I am trying to see the effect of different conditions at different time points, but after going through all the posts and vignettes I am confused.
This is where I am getting the error, that the model matrix is not full rank. After reading the posts I understood that I have to create another column with nested value, but I don't understand with which column? is it the time?
dds <- DESeqDataSetFromMatrix(htseq_data, sampleTable, design = ~ condition + time + condition:time )

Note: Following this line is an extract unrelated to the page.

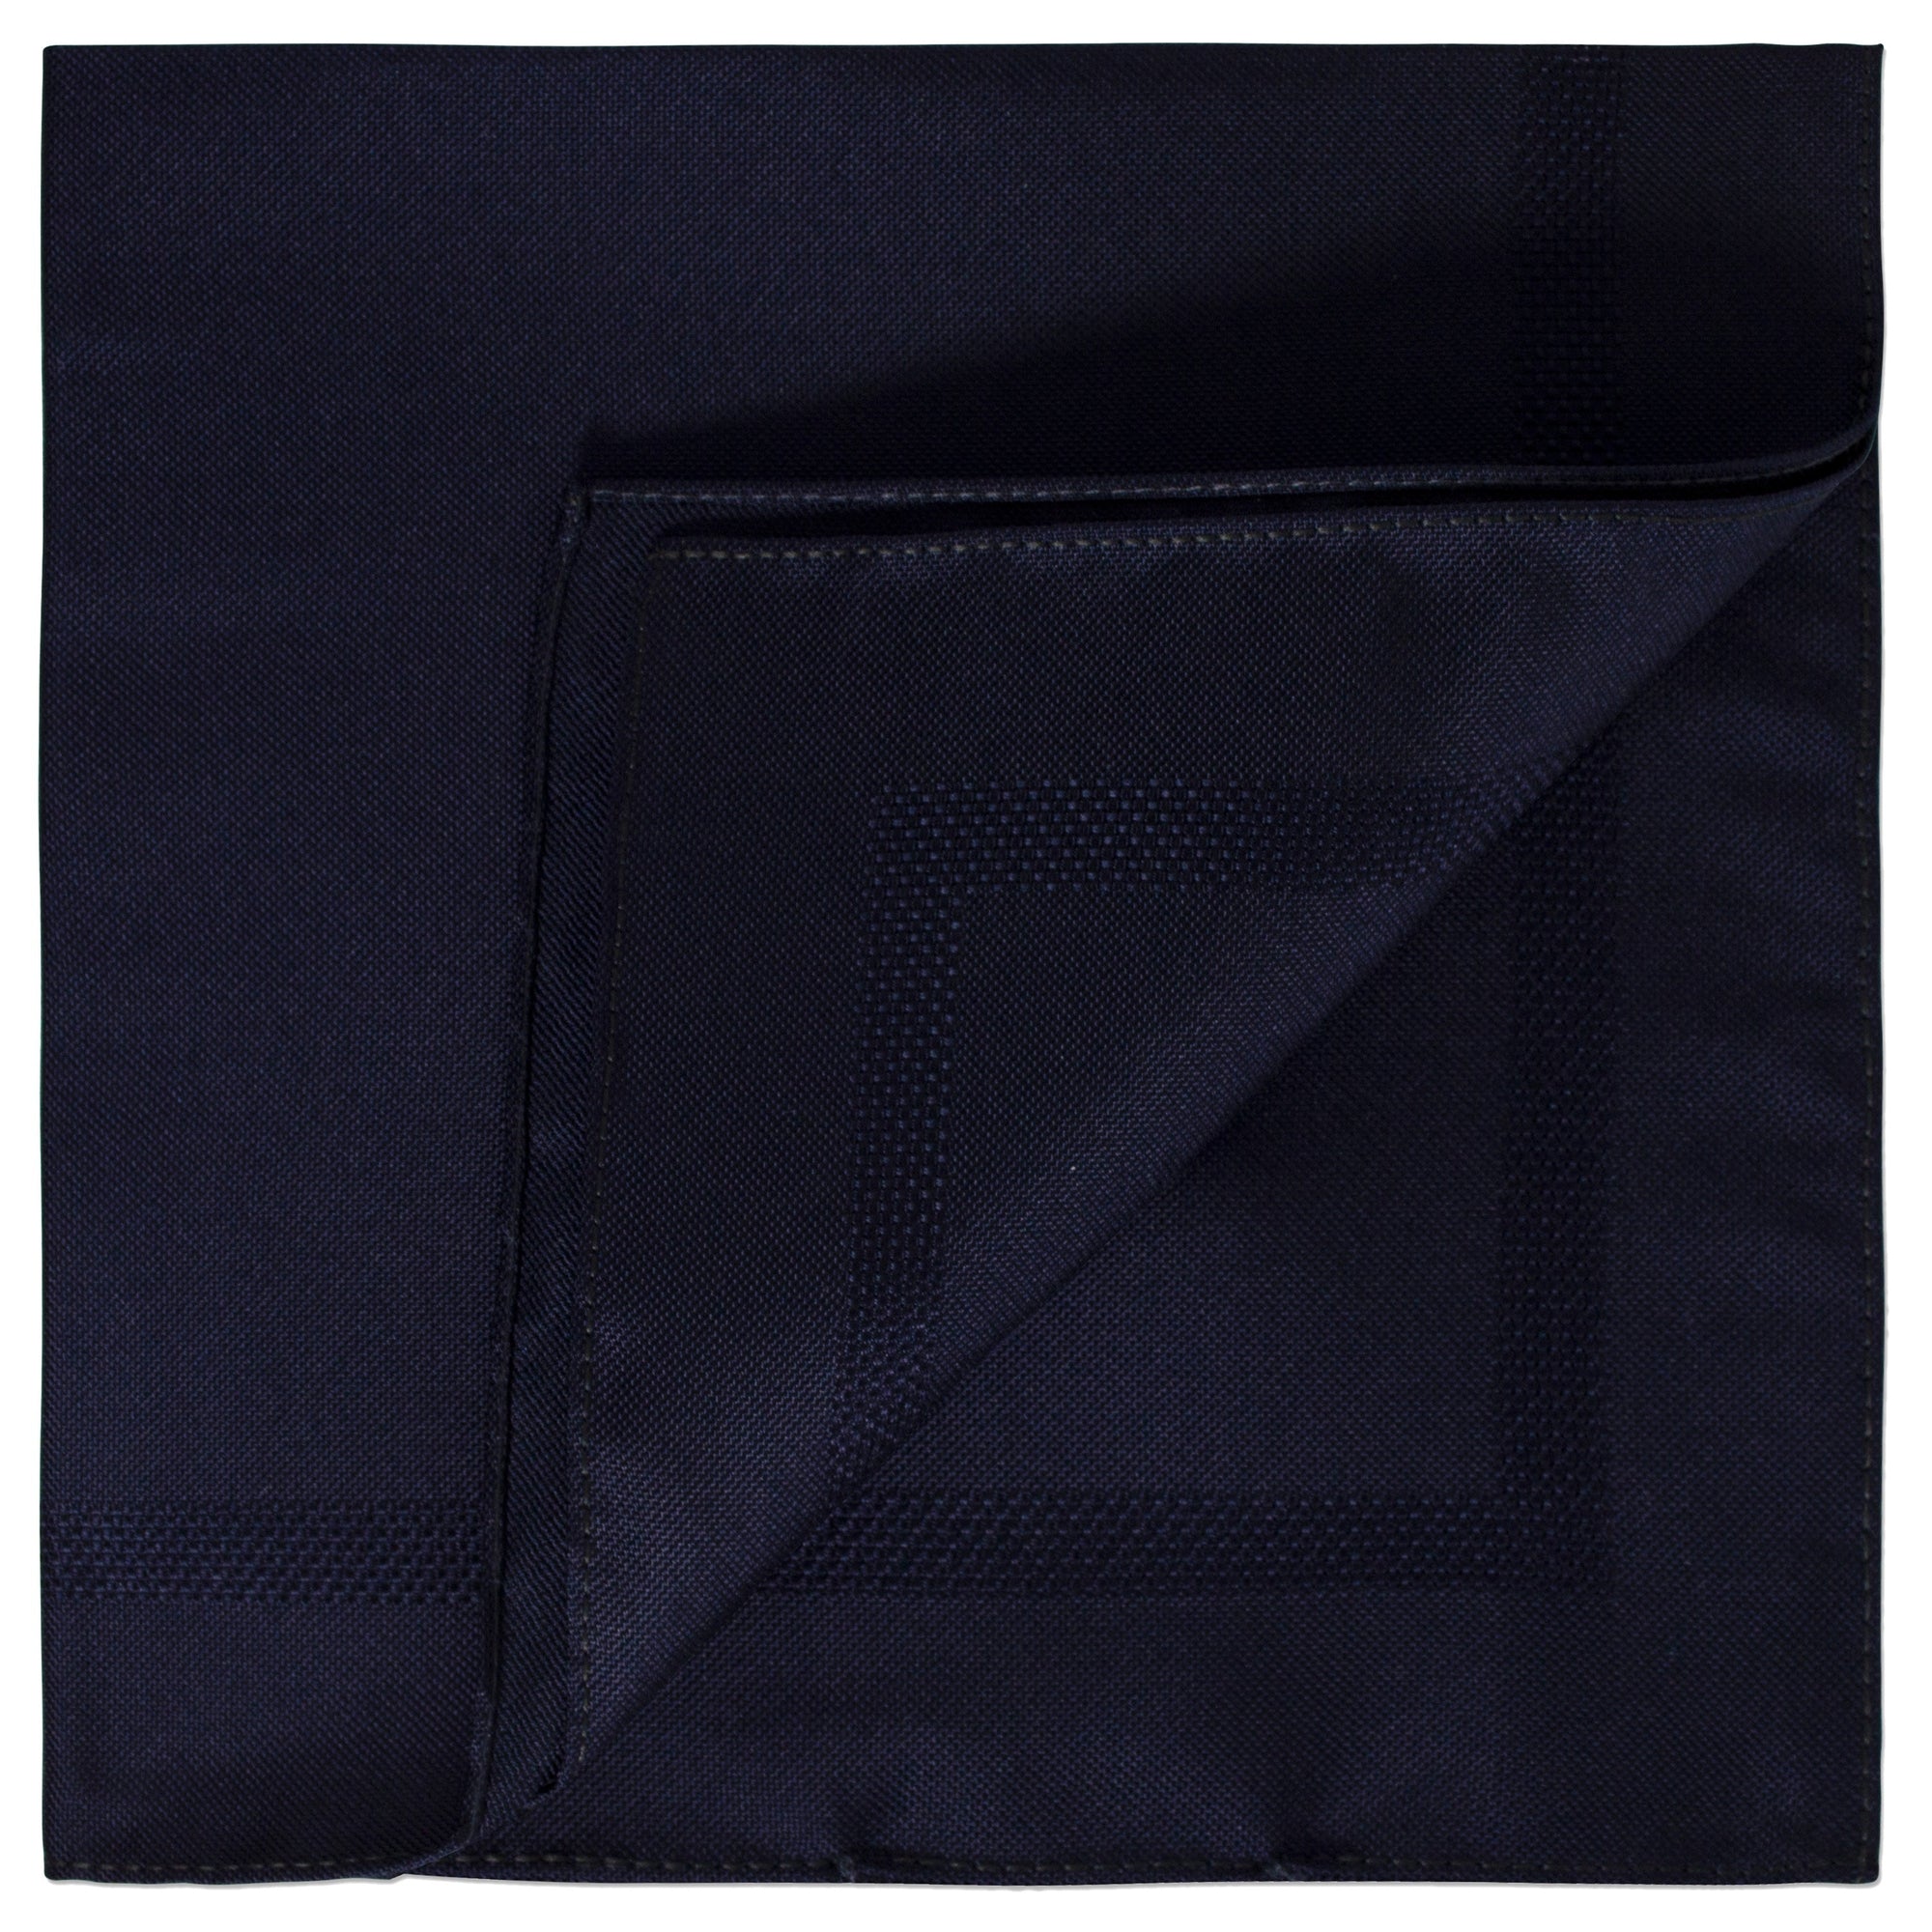 Ermenegildo Zegna Plain Silk Pocket Square with Woven Texture in Deep Navy-Pocket Squares-Ermenegildo Zegna-Cufflinks.com.sg

And this is my sampleTable:
LIMS Client condition time
SAMPLE-IN-POOL19-0050-R0001.counts BU_243 PH 1
SAMPLE-IN-POOL19-0051-R0001.counts BU_244 PH 1
SAMPLE-IN-POOL19-0052-R0001.counts BU_245 PH 1
SAMPLE-IN-POOL19-0031-R0001.counts BU_247 TCP 1
SAMPLE-IN-POOL19-0032-R0001.counts BU_248 TCP 1
RNA20-0041-R0001.counts BU_249 TCP 1
SAMPLE-IN-POOL19-0039-R0001.counts BU_258 CO 0
SAMPLE-IN-POOL19-0040-R0001.counts BU_259 CO 0
SAMPLE-IN-POOL19-0041-R0001.counts BU_260 CO 0
SAMPLE-IN-POOL19-0042-R0001.counts BU_261 PH 6
SAMPLE-IN-POOL19-0043-R0001.counts BU_263 PH 6
SAMPLE-IN-POOL19-0044-R0001.counts BU_264 PH 6
SAMPLE-IN-POOL19-0045-R0001.counts BU_265 TCP 6
SAMPLE-IN-POOL19-0046-R0001.counts BU_266 TCP 6
RNA20-0043-R0001.counts BU_268_bis TCP 6
SAMPLE-IN-POOL19-0035-R0001.counts BU_252 PH 3
SAMPLE-IN-POOL19-0033-R0001.counts BU_250 PH 3
SAMPLE-IN-POOL19-0034-R0001.counts BU_251 PH 3
SAMPLE-IN-POOL19-0036-R0001.counts BU_253 TCP 3
SAMPLE-IN-POOL19-0037-R0001.counts BU_255 TCP 3
RNA20-0042-R0001.counts BU_254 TCP 3
Thank you
CO is nested with timepoint 0, so for the given design you would need to remove CO from the analysis.
But, is there any other way around? I wanted to see the difference in gene expression in all the time points of different conditions compared to control. Thank you
Then you probably (I guess) would need a full-factorial design, so combining the two columns, like condition_time, e.g. PH_1, TCP_1, CO_0 and so on. Lets call this column
factorial
and then use~factorial
as design, and then making contrasts to meaningfully describe your experiment.Thank you. I already did that . But, I am not sure if it gives you the real picture (gene expression in a time-dependent manner) ???
Another Idea I had is to make 2 separate analysis using this design: 1) Time-course analysis with TCP and CO 2) same analysis with PH and CO
Of course, there will P-value difference as compared to what I would find with all the samples included. But, I think it works.
What do you think?
Do you mean use the full design and do the LRT test?